The third part of the questionnaire investigated aspects that may be related to stigmatization. The intensity of healthcare worker contact with COVID-19 patients was surveyed, and three responses were included: “no contact”; “only occasional contact for a few minutes with personal protective equipment (PPE)”; and “close daily contact with PPE”. Participants were also asked whether or not they had neighbors, relatives, or co-workers who were aware that they worked in hospitals or clinics, or that they were in contact with Coronavirus-infected individuals.
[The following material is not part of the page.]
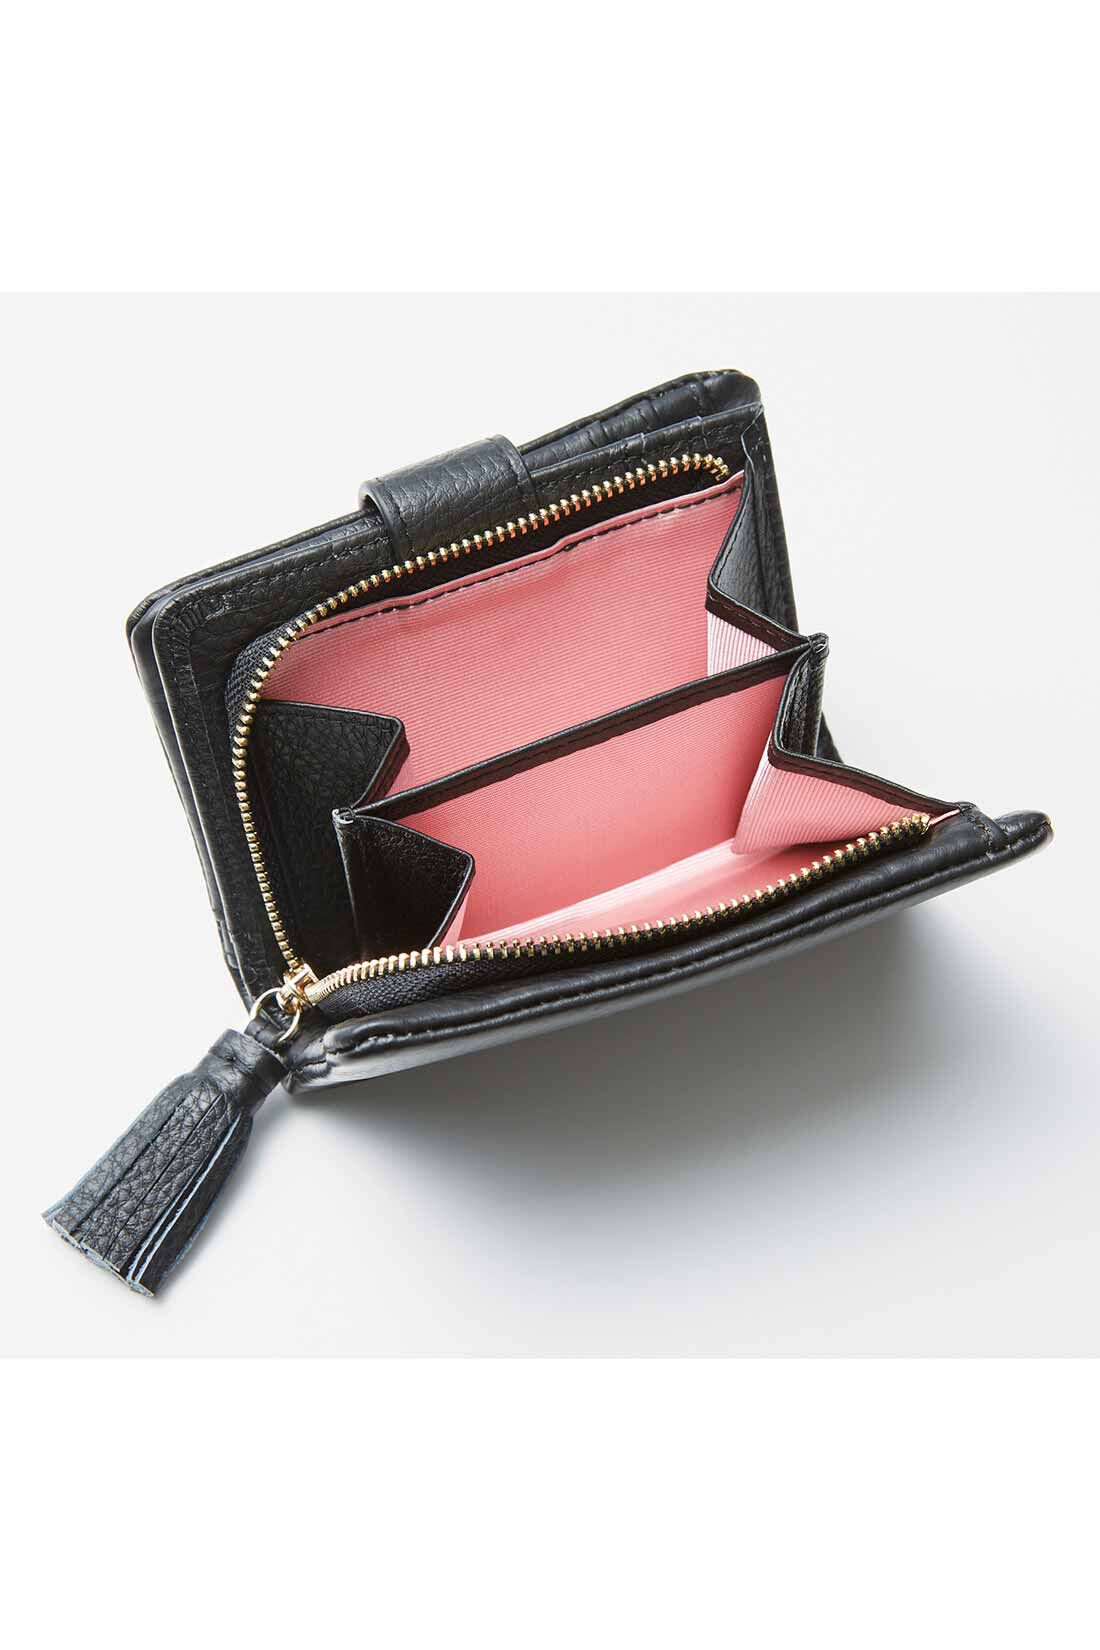 イディット|IEDIT[イディット]　くったり本革素材できれいめ二つ折り財布〈オレンジ〉|大きく開くサイドまち付きで、小銭の出し入れもらくらく。内側は気分が上がるカラーに。

Moreover, the questionnaire investigated whether participants were willing to get a COVID-19 vaccine if it were to become available. The responses to this question included “I will not take it”; “I will take it without fear”; and “I will take it despite fear of its side effects”.

Data collection

A detailed explanation of the study was presented to healthcare workers at participating hospitals and clinics. The researchers distributed paper questionnaires directly to healthcare workers. Each questionnaire had a cover letter explaining the study, its aims, and how to complete and return the form. Participants had to sign consent forms and the self-completed questionnaires were returned to the researchers directly.

Statistical analysis

The Statistical Package for the Social Sciences (SPSS) software, version 23.0, was used for descriptive analysis. This included demographic characteristics of participants and frequency distributions of their responses to questionnaire items and to each subscale. The responses captured on a 1–5 scale were used to calculate means and standard deviations for each questionnaire item. Inferential statistics were conducted to test the correlations between stigma and different demographic variables. Chi-square test and post-hoc analysis using Tukey’s test where appropriate. The statistical significance level was set at (0.05).

Questionnaire reliability

Internal consistency reliability of the COVID-19 stigma Scale was measured by Cronbach’s alpha and corrected item-total correlations. A Cronbach’s alpha of 0.80 or higher implied acceptable reliability.

Questionnaire validity

A confirmatory factor analysis (CFA) was performed with maximum likelihood using AMOS version 23 data analysis software (Analysis of Moment Structures). Validation was conducted with a two-step approach was used. First: was dividing the sample into two parts then we underwent EFA on the first 350 participants. construct validity of the stigma scales was assessed we performed an EFA by a principal factor extraction method for the EFA cohort, with the factor obliquely rotated using the Promax criterion. The Kaiser-Meyer- Olkin measure and Bartlett test of sphericity were performed to ensure the appropriate use of factor analysis. Eigenvalues > 1.0 and the scree plot with the number of factors that explained > 5% of the variance were used to define the number of factors retained [17, 18]. To develop a practical and concise measurement tool we considered items acceptable if the loading coefficient was > 0.40.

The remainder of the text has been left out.